MKT-077, a cationic rhodacyanine dye analogue, causes selective toxicity to cancer cells. Its cellular targets elucidated thus far include oncogenic Ras, F-actin, mortalin (hmot-2)/mthsp70, and telomerase. Here we report that MKT-077 causes growth arrest of cancer cells in culture independent of their Ras, p53, or telomerase status. Telomerase activity is inhibited in vitro by MKT-077 in the telomerase assay used. However, the in vivo toxicity seen in telomerase-positive cancer cells was not accompanied by inhibition of telomerase activity or telomere shortening. Furthermore, cells with an alternative mechanism for lengthening of telomeres were also sensitive to MKT-077 and showed enhanced formation of alternative mechanism for lengthening of telomeres-associated PML bodies in their nuclei. The data suggested that inhibition of telomerase activity is unlikely to be a prime cause of MKT-077-induced toxicity in cancer cells.

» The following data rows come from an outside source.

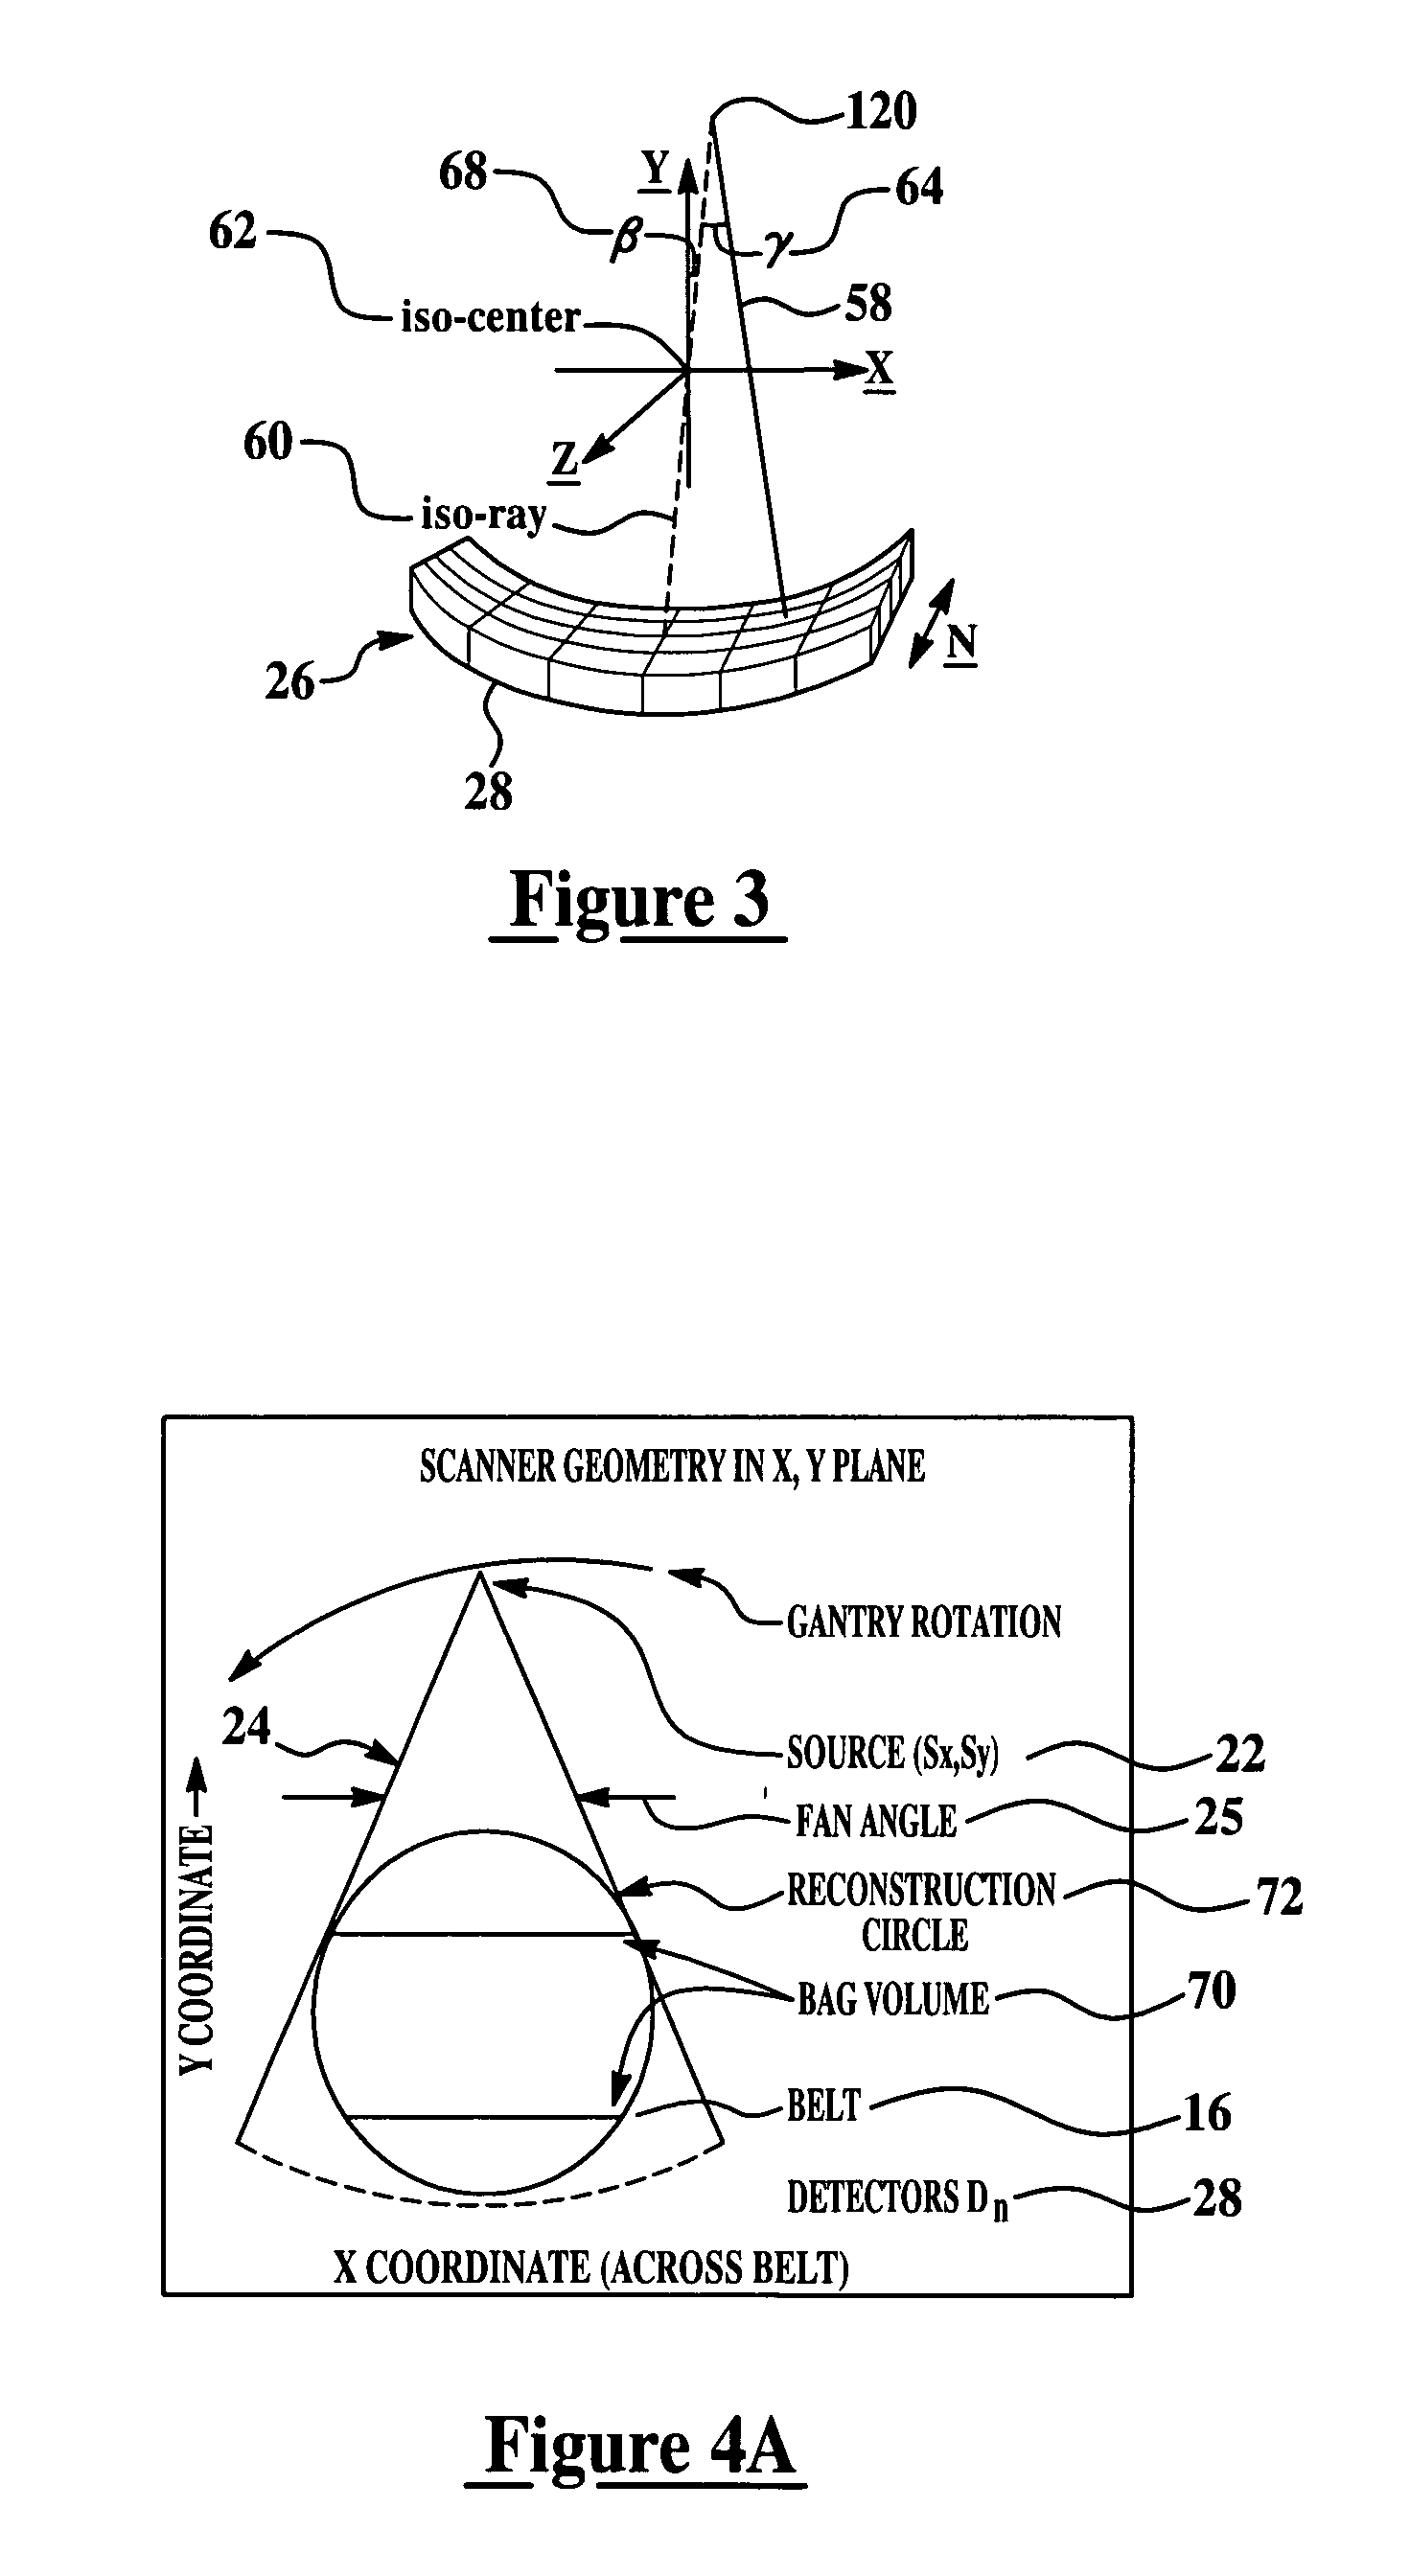 Apparatus and method for providing a near-parallel projection from helical scan data
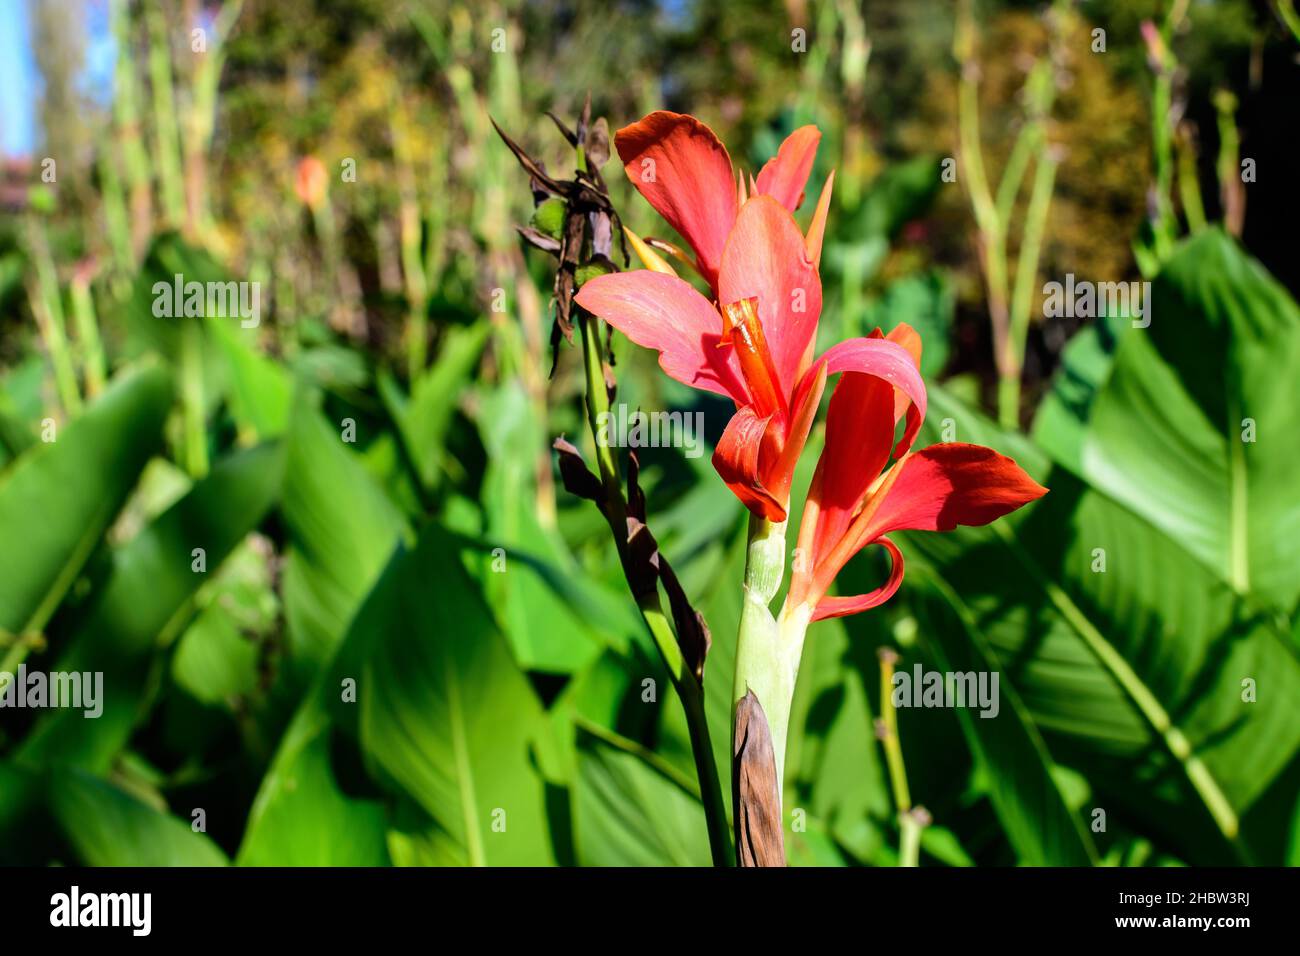 Red flowers of Canna indica, commonly known as Indian shot, African arrowroot, edible canna, purple arrowroot or Sierra Leone arrowroot, in soft focus Stock Photo
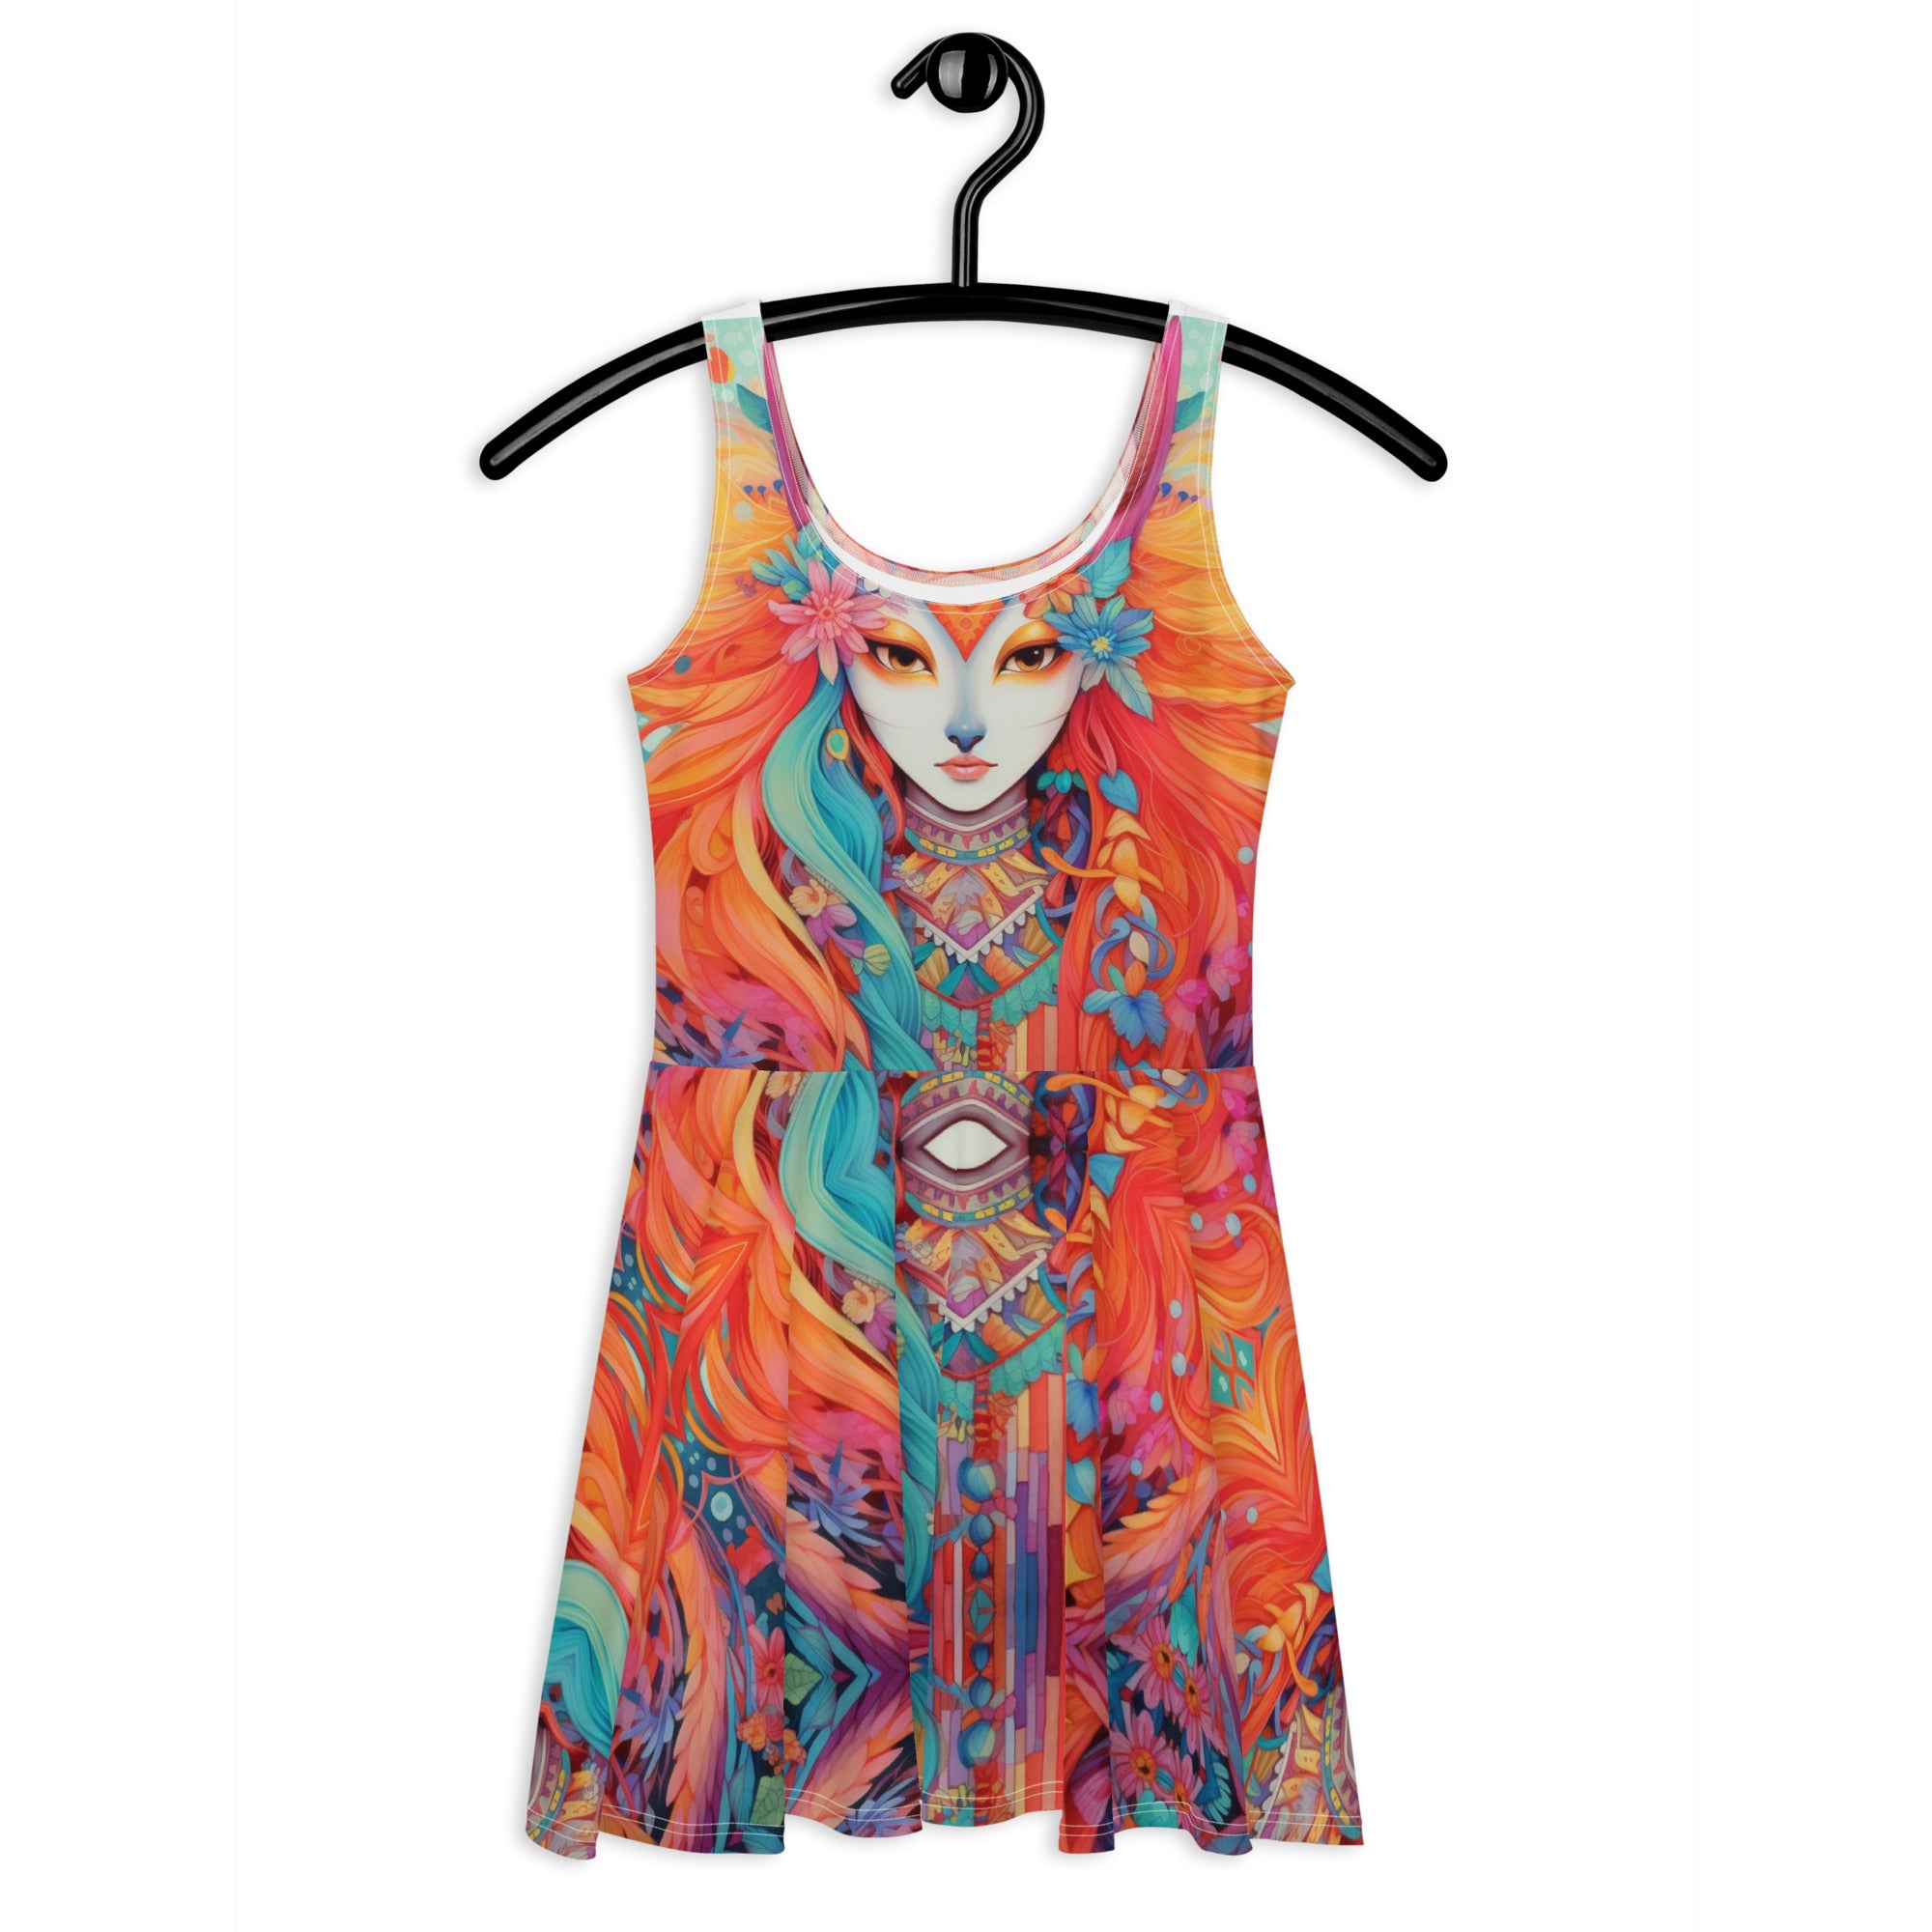 Stunning Kitsune Fairy Skater Dress - A Vibrant and Flattering Addition to Your Wardrobe!

The rhodacyanine dye MKT-077 (formerly known as FJ-776) is a water-soluble delocalized lipophilic cationic dye. It can pass through the hydrophobic barriers of membrane lipid bilayers because of its positive charge and is retained inside mitochondria, which carry a high negative charge. Because cancer cells have a higher mitochondrial membrane potential than normal cells, MKT-077 is preferentially retained in cancer cell mitochondria and is far more toxic to them than to normal cells (1, 2, 3, 4). This selective toxicity for cancer cells has led to the use of MKT-077 in preclinical and clinical cancer therapeutic trials (5, 6). However, the molecular mechanism(s) of MKT-077-induced growth arrest have not been completely understood. Some effects of MKT-077 include reversible impairment of mitochondrial function (1), cross-linking of actin filaments (7), inactivation of telomerase (8), and abrogation of p53-mortalin (hmot-2) interactions leading to reactivation of wild-type p53 function (9). In the present study, we subjected a variety of transformed human cells to MKT-077 and found that most of them were sensitive to this compound, although to a variable extent. MKT-077 inhibited in vitro, but not in vivo, telomerase activity did not cause telomere shortening and was toxic to cells lacking telomerase. Therefore, we suggest that the in vivo toxicity of MKT-077 in cancer cells is not mediated, at least primarily, by its effect on telomerase.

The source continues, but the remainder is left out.